In 1972, Brouwn exhibited grey filing cabinets at the Documenta 5 in Kassel. Each cabinet consisted of varied numbers of white cards. One of these cabinets held 1000 cards, an outline of a 3000-step walk and the length of the strides between 840 and 890 millimetres.

Brouwn also explored the concept of deformation. In 1974, he drew lines constructing borders upon three sheets of paper. Each of these lines denoted the length of a step. If these sheets were hung together, a movement in a single direction could be observed.

=== Later works and exhibitions ===
Brouwn's works gained fame and earned him positions in a variety of prestigious exhibitions. During his lifetime, his works were included in Documentas 5, 6, 7, and 11, at the Venice Biennale of 1982 (where he represented the Netherlands), and in a 2005 retrospective exhibition at the Van Abbe Museum.

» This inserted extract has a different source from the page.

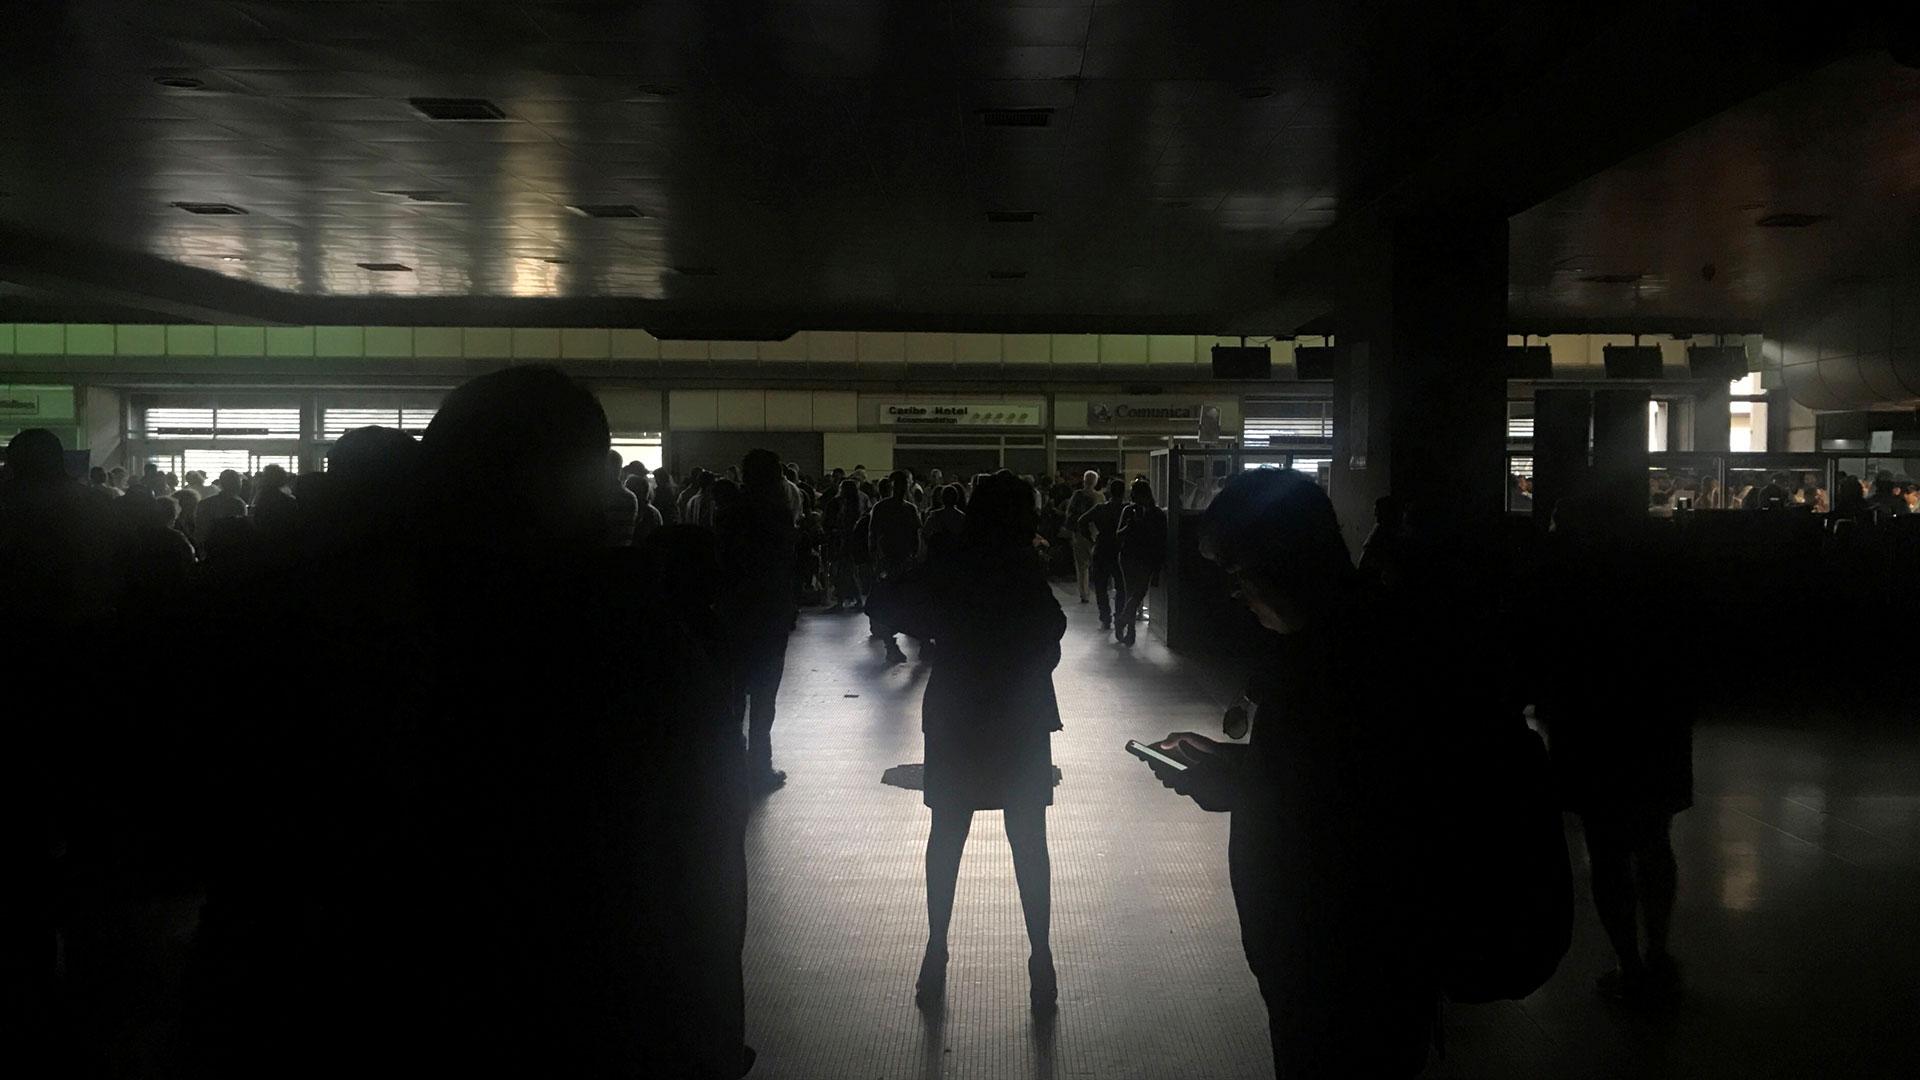 Pasajeros durante un apagón en el aeropuerto internacional Simón Bolívar en Caracas, Venezuela el 25 de marzo de 2019. (Reuters)

Another dominant trait of Brouwn's conceptualism was his absence. Brouwn refrained from attending exhibitions of his works and no bibliographical information was supplied to his audiences when viewing such exhibitions. In exhibition catalogues, the following phrase was often seen:“At the request of the artist, no bibliographical information is provided here”.

== Critical response ==
Brouwn's works were included in various prestigious exhibitions such as Documentas 5, 6, 7 and 11, and the 1982 Venice Biennale. In 2005, a retrospective collection of Brouwn's works was exhibited in the Van Abbe Museum in Eindhoven, Netherlands. His practice and works have influenced various critics, artists and contemporary aesthetics. When discussing Brouwn's conceptualism in the 1960s, Art historian, critic, educator and author Antje von Graevenitz explained that “from 1960 up to the present, his work would indeed appear to be exemplary of the intentions and realisations of that period”. Dutch writer Oscar van den Boogard analysed the role of the audience as active participants of Brouwn's works, especially with BROUWNTOYS 4000AD., stating that Brouwn “wants the viewer to become his work" and "[t]hat is only possible by letting the viewers complete his work in their imagination, over and over again. They are forced to become space and distance, forced to experience space as if it were 4000 AD”. Belgian curator and writer Laura Herman critiqued Brouwn's manipulation of existing and creation of new units of measurement, explaining that “a sly sense of humour permeates the artist’s appropriation of bureaucratic language, which he manipulated toward his own ends."

== Legacy ==

=== Artistic and cultural influence ===
The works and practice of Brouwn are said to have shaped future conceptualist thinking and aesthetics. Laura Herman stated that Brouwn continues to inform contemporary observations and reflections of scaled perspectives. The signature absence of Brouwn and its impact upon Conceptualist style is evaluated by Modern Edition founder Mike Brennan, who stated that Brouwn is “an almost legendary figure whose practice is marked by insistence on various absences… and is famously reclusive".